Strange, but true: In the early '60s, some hot shoes were actually racing Corvettes competitively, and Chevrolet knew it and even supported the activity with heavy-duty and high-performance parts installed on the assembly line or were available over the counter. Who'd have thunk it?
For 1962, Chevrolet assembled only 246 Vettes (out of a production total of 14,531) with the Regular Production Option (RPO) 687, heavy-duty suspension package-HD brakes and shocks and quick-ratio steering-for an upcharge of $333.60.
Two HD brake options were offered. RPO 686 had 11x2-inch cast-iron drums and sintered-iron brake shoes. RPO 687 offered the same thing, but with an additional 10 square inches of lining area, finned brake drums, and leather air scoops that came to be known as "elephant ears" attached to the backing plates to help cool the brakes. Wider 15x5.5-inch wheels (versus the standard 15x5-inch rims) with small hubcaps aided brake cooling as well as handling. Other performance-oriented options included a four-speed transmission ($188.30), a Posi-traction differential ($43.05), a direct-flow exhaust (no charge), and four 327-cid engine choices, ranging up to the 360hp fuel-injected version.
Dealer information for RPO 687 stated, "Not recommended for street use." Most of the 246 were ordered for racing, and, consequently, very few survive with their original equipment. Many were wrecked, and most of the survivors were converted to standard brakes after a hard track career.
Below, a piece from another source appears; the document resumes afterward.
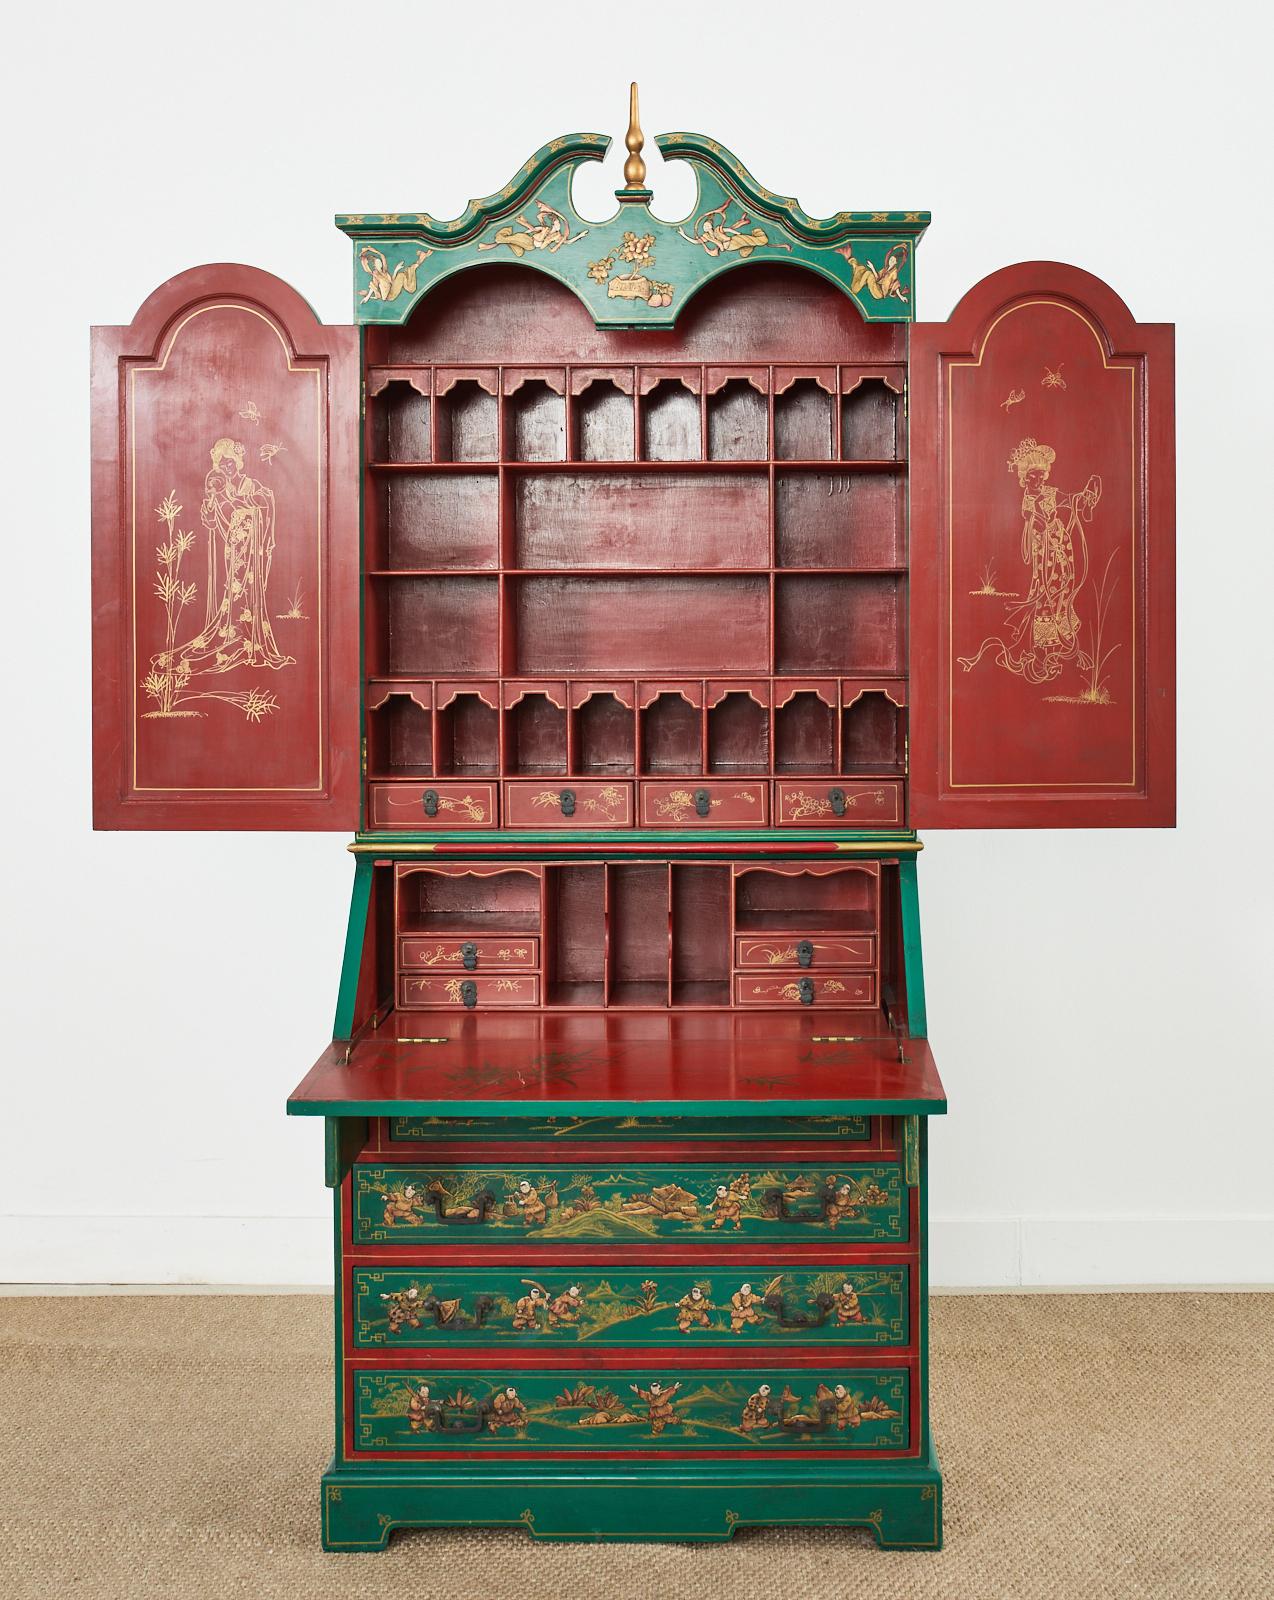 Brilliant English George III style secretaire bookcase featuring a polychrome parcel gilt lacquer finish. The two-part case is decorated in the Chinoiserie revival style with idyllic Asian scenes of figures amid pagoda landscapes engaged in

That's why Iowa Corvette collector Gene West felt fortunate to become the second owner of this '62 Corvette convertible with RPO 687 and fuel injection. It had never been raced. The original owner was from the Phoenix area and apparently wanted the performance options to make his mountain drives to college in Flagstaff more comfortable and interesting. Three years worth of college parking stickers came with the car when Gene bought it in 1980. Ten years later, after completing three other Corvette restorations, he finally got around to doing a complete ground-up on this '62 over a two-year period.
Besides the rare racing option, this Vette is unusual in that the original buyer apparently preferred the "boulevard" look over a racing appearance-so the dealer ordered it with the standard 15x5-inch wheels and Corvette full-wheel covers rather than the 15x5.5-inch wheels and small hubcaps usually seen on the racing versions. Gene re-shod the '62 with original-spec 6.70x15-inch Firestone whitewalls.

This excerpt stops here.